There was no fiery rhetoric. No “gotcha” moment. And that, in many ways, was the point.
For years, Trump has framed his legal troubles as a “witch hunt,” arguing that prosecutors were driven by politics rather than facts. In this imagined showdown, Smith addressed that claim head-on, emphasizing process over personality. Charging decisions, he explained, followed standard Justice Department practices: evidence was gathered, legal thresholds were weighed, and grand juries — not prosecutors — made key determinations.

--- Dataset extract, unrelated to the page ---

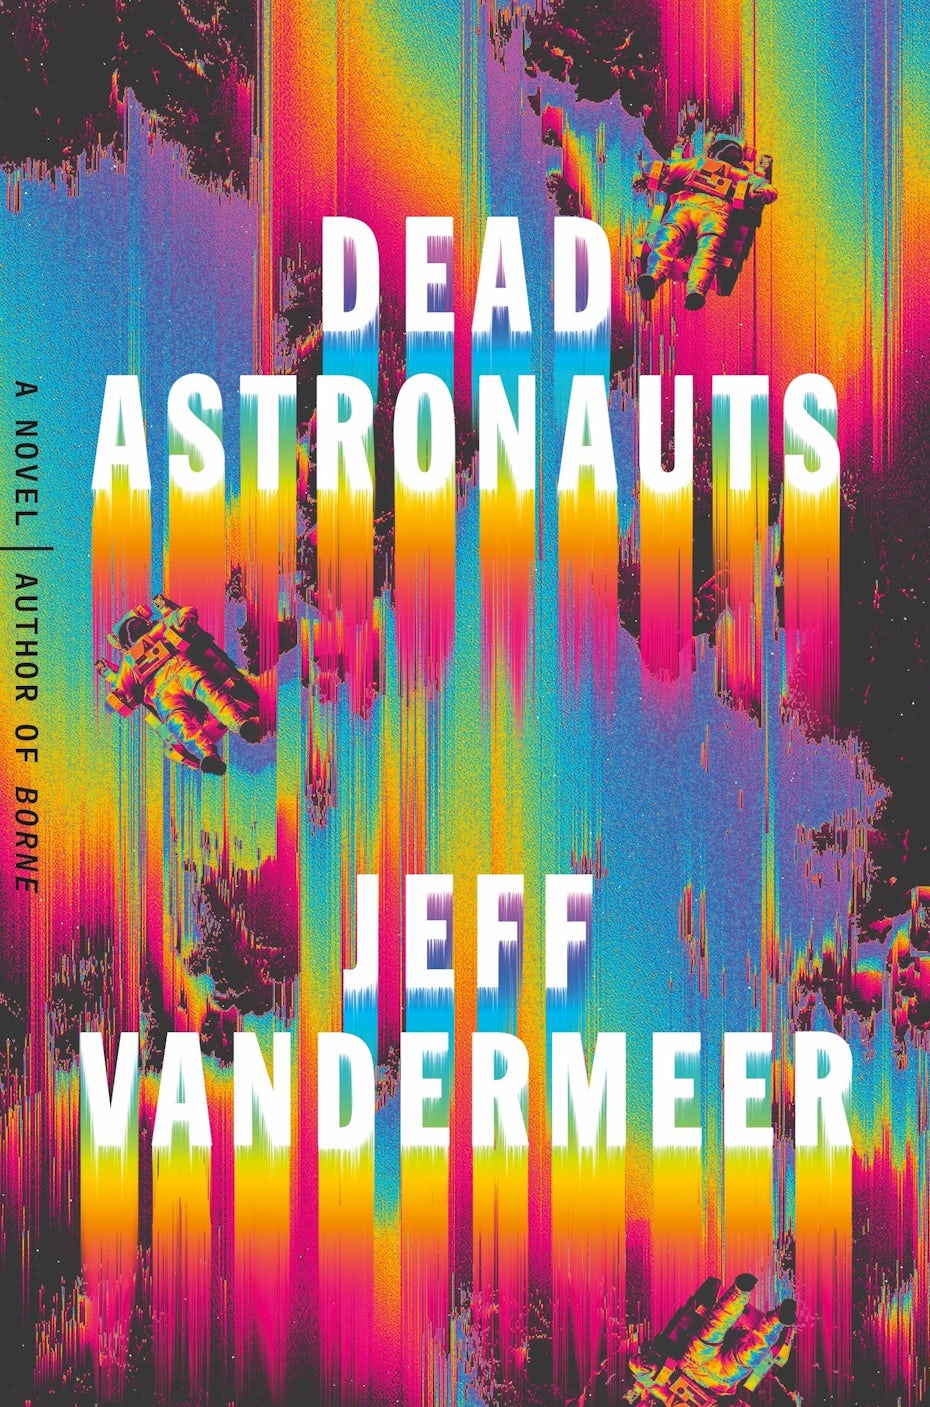 book cover trends 2020 example with psychedelic, bright rainbow effect

Republican members pressed hard for signs of bias. Smith’s answers, measured and tightly focused, offered little traction. He repeatedly returned to the same theme: the law applies regardless of office, popularity, or political consequence. If anything, the restraint in his testimony underscored why the cases moved forward in the first place.
Behind the scenes, the hearing served as a reminder of an uncomfortable reality for Trump’s allies. Political narratives can rally supporters, but they do not undo sworn testimony, documents, or timelines already entered into the record. The facts, as Smith laid them out, did not change simply because the political environment had.
As for what comes next, Trump is likely to double down on familiar ground — attacking institutions, questioning legitimacy, and turning legal peril into campaign fuel. That strategy has worked before in the court of public opinion. Whether it works in actual courts, however, remains an entirely different matter.
In this scenario, the takeaway is not spectacle, but contrast: between outrage and procedure, between slogans and statutes — and between political theater and the slow, unyielding mechanics of the law.